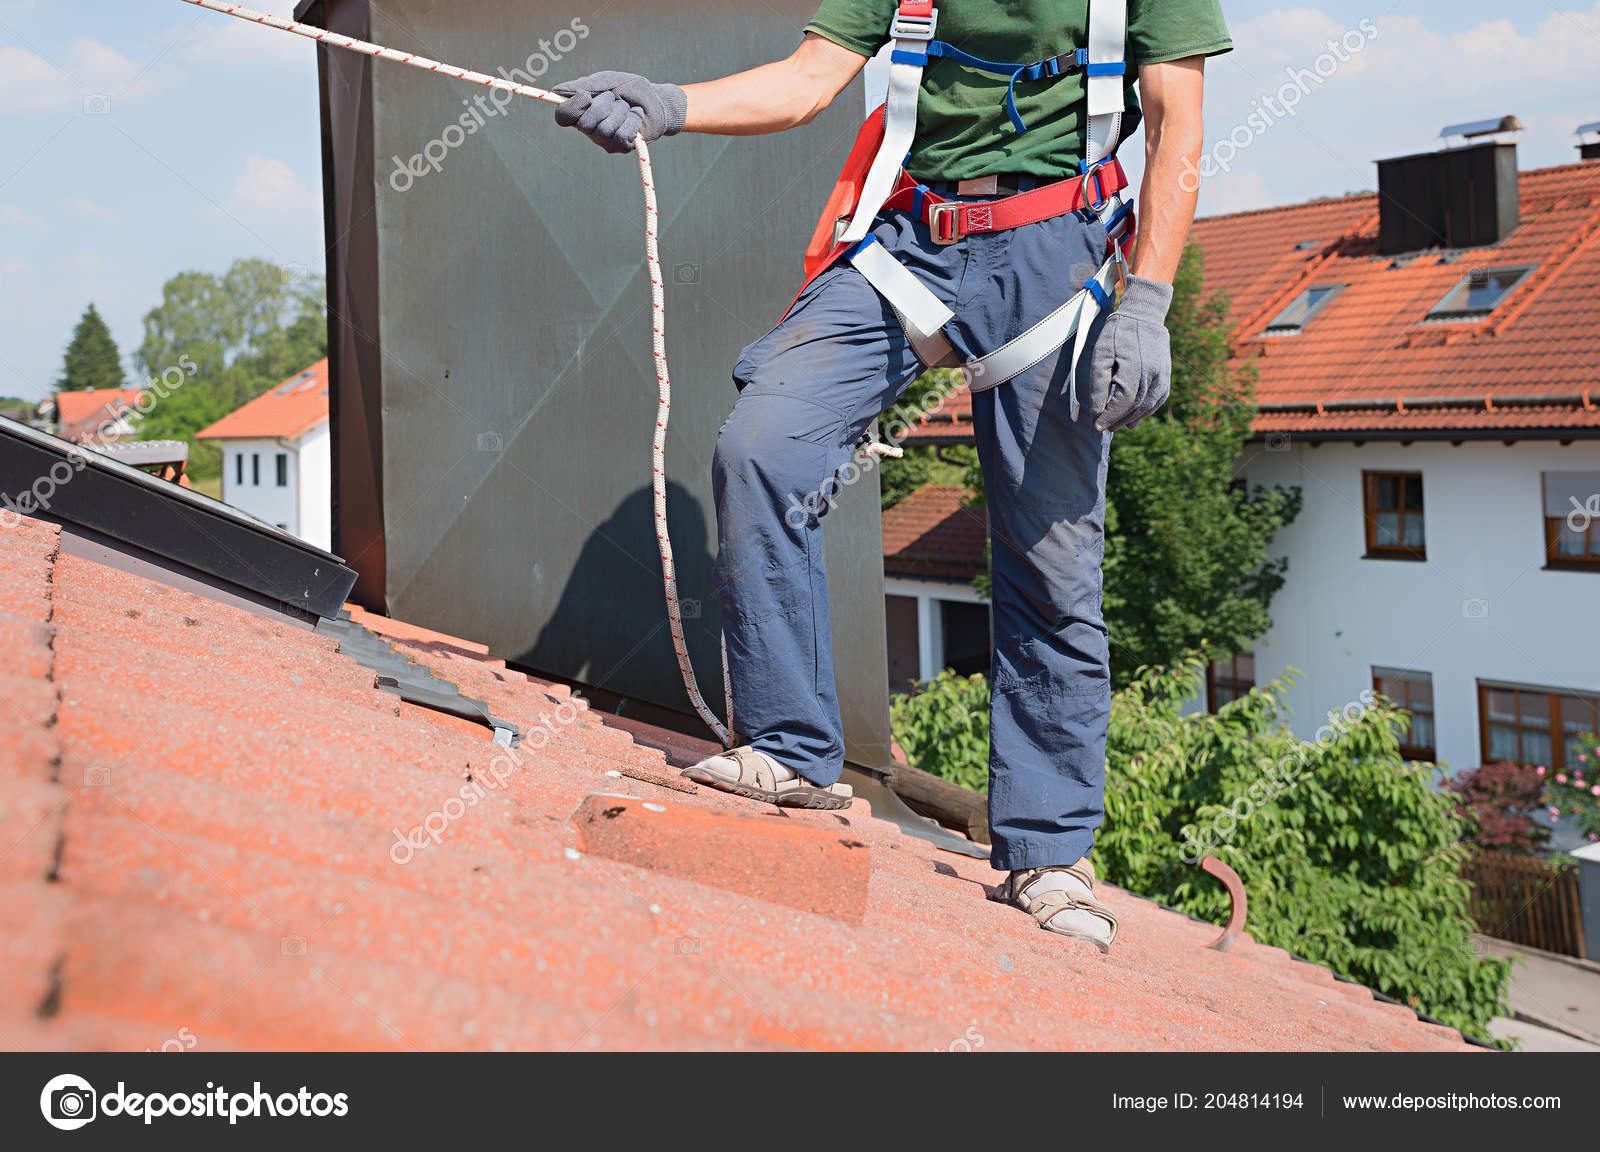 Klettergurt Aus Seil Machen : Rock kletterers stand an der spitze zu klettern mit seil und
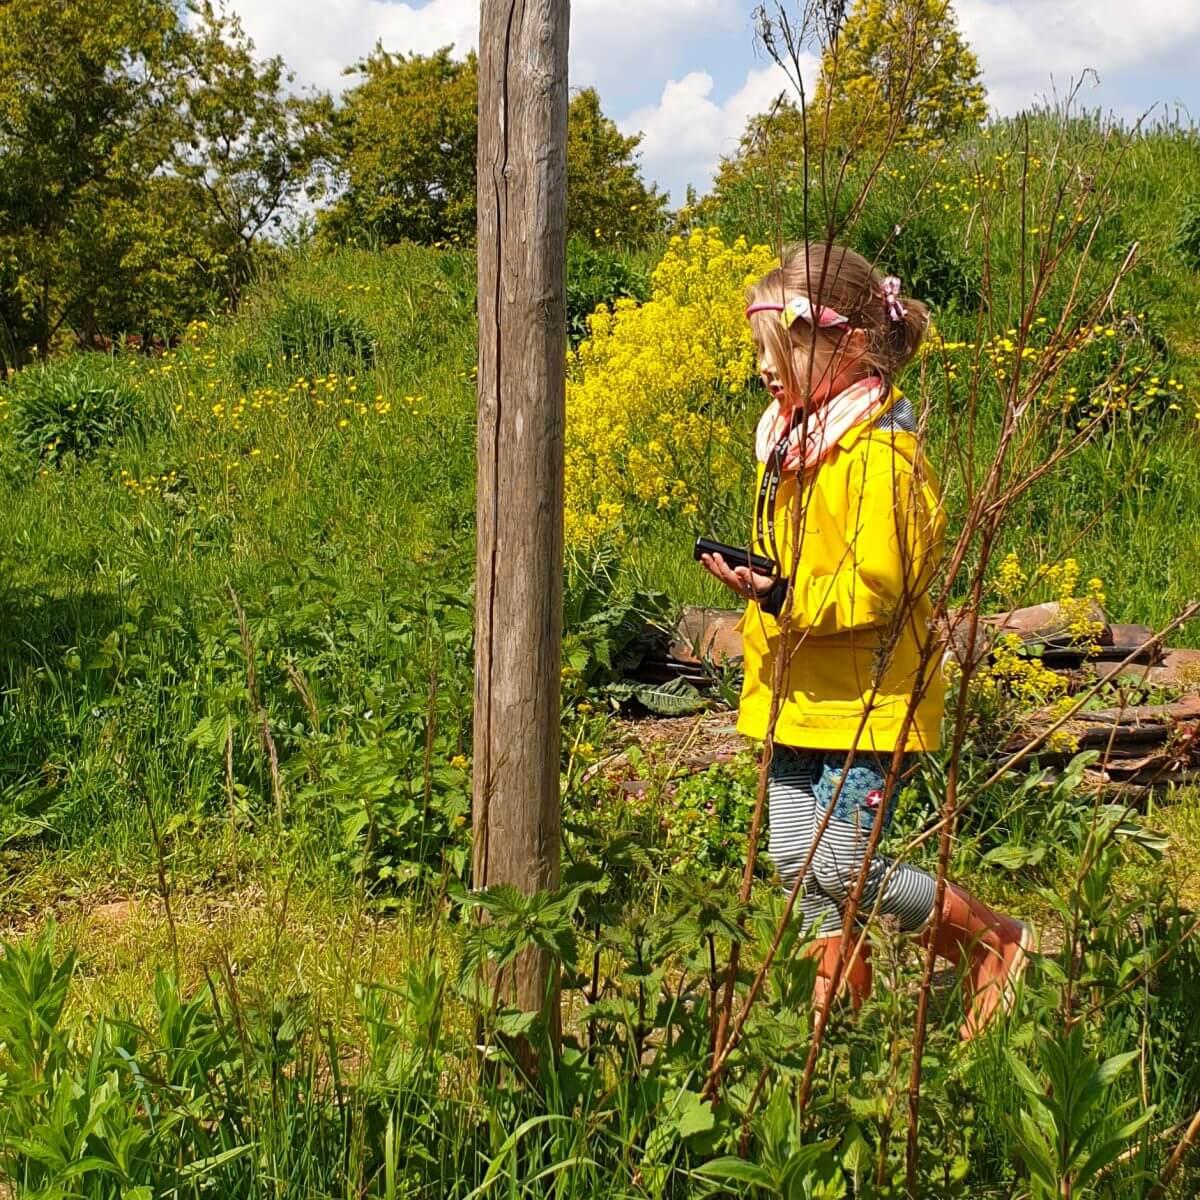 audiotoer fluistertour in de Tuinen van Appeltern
=-=-=
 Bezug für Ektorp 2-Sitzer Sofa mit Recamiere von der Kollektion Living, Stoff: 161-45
=-=-=
*AIM OF THE EXERCISE*.
Only the lines of the listing above from the one with "Klettergurt Aus Seil" through the one with "audiotoer fluistertour in" should be output, exactly, with both ends kept and pictures left out.

*THE ANSWER*.
 Klettergurt Aus Seil Machen : Rock kletterers stand an der spitze zu klettern mit seil und
 audiotoer fluistertour in de Tuinen van Appeltern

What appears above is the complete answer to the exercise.